Adult entertainers may soon have to purchase licenses to ply their trade if the Kokomo Common Council moves ahead on a proposed ordinance.
Council members will meet Monday to discuss licensing and other measures which might be used to further regulate the city’s strip clubs, Councilman Bob Cameron, D-2nd, confirmed.
“We’ll test the waters. We’re going to try something,” Cameron said.
Prior to recent developments, Kokomo had six active strip clubs, which put the city first among Indiana cities in terms of strip clubs per capita.
One of those clubs, Tease, is currently operating as a bar without adult entertainment after the city issued a zoning violation against the club owners, who are contesting the issue in court.
Another club, Fantasy Girls, is temporarily closed after city officials declared the building unsafe.
Cameron said he would prefer to have all the clubs gone, and said other council members share that opinion.
“I personally would like to see something like what happened 30 years ago, when we had those adult bookstores, and all the church leaders and their congregations protested along the curb and took pictures of the people going into the stores,” said Cameron. “[The store owner] ended up closing his stores and leaving.”
Councilwoman Cindy Sanders, R-5th, has been a proponent of requiring individual licenses for adult entertainers, something King said one town in Indiana currently does. Kokomo would be the second, if the council moves in that direction.
At a December council meeting, Sanders said she felt licensing could help reduce the amount of human trafficking going on at strip clubs.
Don Draper, owner of the Hiphugger strip club, said the human trafficking claim was ludicrous.
“Good God, I’ve been here 45 years, and there’s never been any human trafficking,” said Draper. “I wouldn’t even know what that is. In Kokomo, Indiana? You’ve got to be joking.”
“It’s just like everything else, they’re just always trying to find some way to tax you, and to find some way to get in everybody’s life.”
At the council’s behest, council attorney Corbin King gathered model ordinances from around the state that deal with various regulations on adult businesses.
King said the courts have already dealt with test cases on the issue.

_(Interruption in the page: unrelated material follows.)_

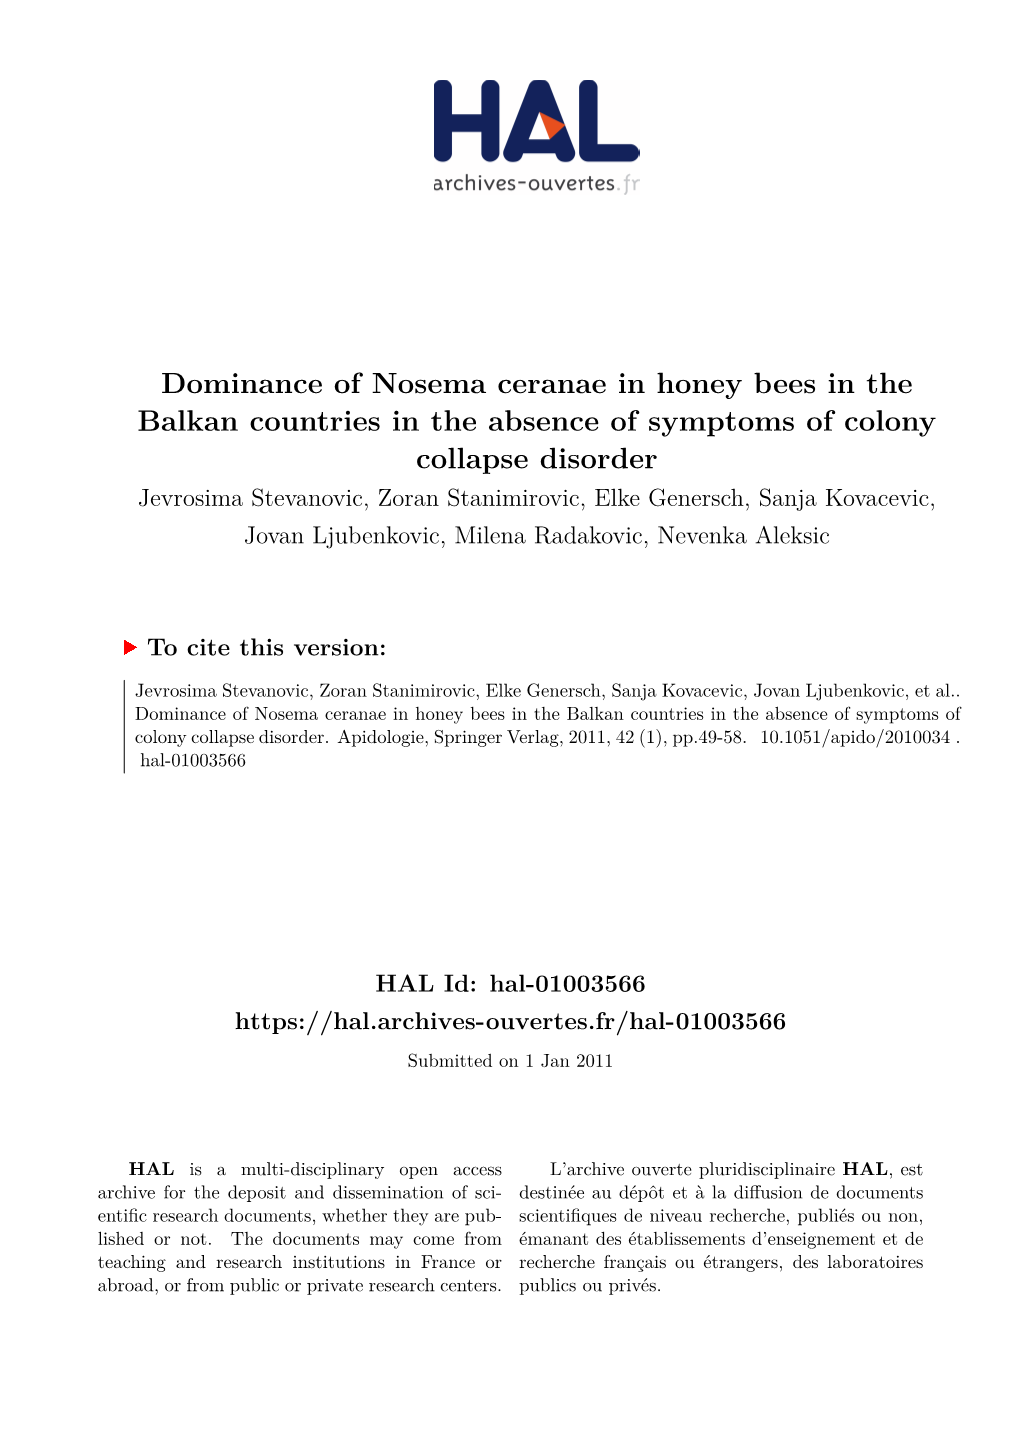 Dominance of Nosema Ceranae in Honey Bees in the Balkan Countries

“If you meet certain requirements, the courts say it’s OK. If you don’t, then it’s going to be unconstitutional,” said King.
Any city requiring licenses must grant them in a prompt manner and must allow court appeals of license denials. In other words, cities can’t simply require adult entertainers to be licensed and then refuse to issue licenses.
In December, Kokomo Mayor Greg Goodnight offered a limited endorsement of the council’s initiative.
“Anything we can do to improve that image, whether it be investment in parks and thoroughfares and education attainment level and also cleaning up anything that we think tarnishes that image, I’m going to at least hear out,” Goodnight told Indiana Public Media. “And if you make a good case, we’ll proceed.”
The council’s Health and Safety Committee will meet at 4:30 p.m. in the first floor conference room of Kokomo City Hall, 100 S. Union St. Strip club regulations will be the only agenda item, Cameron said.